- _WHAT YOU ARE ASKED TO DO_
Word for word, restate the line containing "Prêmios de 38%" and all the lines that come after it in the entries below. Include nothing from before it.

- _MATERIAL FOR THIS TASK_

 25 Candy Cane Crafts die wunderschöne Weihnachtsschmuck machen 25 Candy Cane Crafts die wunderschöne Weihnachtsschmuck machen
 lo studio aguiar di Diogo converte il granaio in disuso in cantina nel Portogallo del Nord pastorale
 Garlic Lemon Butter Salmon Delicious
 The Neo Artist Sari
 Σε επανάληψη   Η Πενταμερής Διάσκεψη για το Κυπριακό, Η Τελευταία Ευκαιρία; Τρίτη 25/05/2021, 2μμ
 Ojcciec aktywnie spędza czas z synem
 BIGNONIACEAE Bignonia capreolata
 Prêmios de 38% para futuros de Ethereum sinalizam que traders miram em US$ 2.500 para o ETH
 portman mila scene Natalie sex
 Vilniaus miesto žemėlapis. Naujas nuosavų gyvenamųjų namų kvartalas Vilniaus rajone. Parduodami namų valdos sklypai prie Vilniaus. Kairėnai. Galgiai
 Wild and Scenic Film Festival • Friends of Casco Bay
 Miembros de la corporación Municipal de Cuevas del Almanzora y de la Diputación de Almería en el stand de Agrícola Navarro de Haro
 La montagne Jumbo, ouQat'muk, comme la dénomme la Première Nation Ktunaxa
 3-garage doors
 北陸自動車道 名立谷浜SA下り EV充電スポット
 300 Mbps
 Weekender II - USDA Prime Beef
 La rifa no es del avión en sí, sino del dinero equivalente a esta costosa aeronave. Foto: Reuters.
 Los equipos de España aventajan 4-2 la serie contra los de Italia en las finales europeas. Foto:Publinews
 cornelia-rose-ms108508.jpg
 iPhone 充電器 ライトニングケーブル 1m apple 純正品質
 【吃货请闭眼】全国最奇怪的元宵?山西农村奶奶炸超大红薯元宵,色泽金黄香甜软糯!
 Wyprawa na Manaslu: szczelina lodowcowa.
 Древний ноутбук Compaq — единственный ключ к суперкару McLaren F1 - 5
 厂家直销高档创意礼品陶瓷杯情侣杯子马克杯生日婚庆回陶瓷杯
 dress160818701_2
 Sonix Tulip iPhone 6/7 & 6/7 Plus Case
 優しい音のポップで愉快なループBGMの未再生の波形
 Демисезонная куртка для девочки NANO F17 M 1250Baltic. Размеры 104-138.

- _RESPONSE TO THIS TASK_
 Prêmios de 38% para futuros de Ethereum sinalizam que traders miram em US$ 2.500 para o ETH
 portman mila scene Natalie sex
 Vilniaus miesto žemėlapis. Naujas nuosavų gyvenamųjų namų kvartalas Vilniaus rajone. Parduodami namų valdos sklypai prie Vilniaus. Kairėnai. Galgiai
 Wild and Scenic Film Festival • Friends of Casco Bay
 Miembros de la corporación Municipal de Cuevas del Almanzora y de la Diputación de Almería en el stand de Agrícola Navarro de Haro
 La montagne Jumbo, ouQat'muk, comme la dénomme la Première Nation Ktunaxa
 3-garage doors
 北陸自動車道 名立谷浜SA下り EV充電スポット
 300 Mbps
 Weekender II - USDA Prime Beef
 La rifa no es del avión en sí, sino del dinero equivalente a esta costosa aeronave. Foto: Reuters.
 Los equipos de España aventajan 4-2 la serie contra los de Italia en las finales europeas. Foto:Publinews
 cornelia-rose-ms108508.jpg
 iPhone 充電器 ライトニングケーブル 1m apple 純正品質
 【吃货请闭眼】全国最奇怪的元宵?山西农村奶奶炸超大红薯元宵,色泽金黄香甜软糯!
 Wyprawa na Manaslu: szczelina lodowcowa.
 Древний ноутбук Compaq — единственный ключ к суперкару McLaren F1 - 5
 厂家直销高档创意礼品陶瓷杯情侣杯子马克杯生日婚庆回陶瓷杯
 dress160818701_2
 Sonix Tulip iPhone 6/7 & 6/7 Plus Case
 優しい音のポップで愉快なループBGMの未再生の波形
 Демисезонная куртка для девочки NANO F17 M 1250Baltic. Размеры 104-138.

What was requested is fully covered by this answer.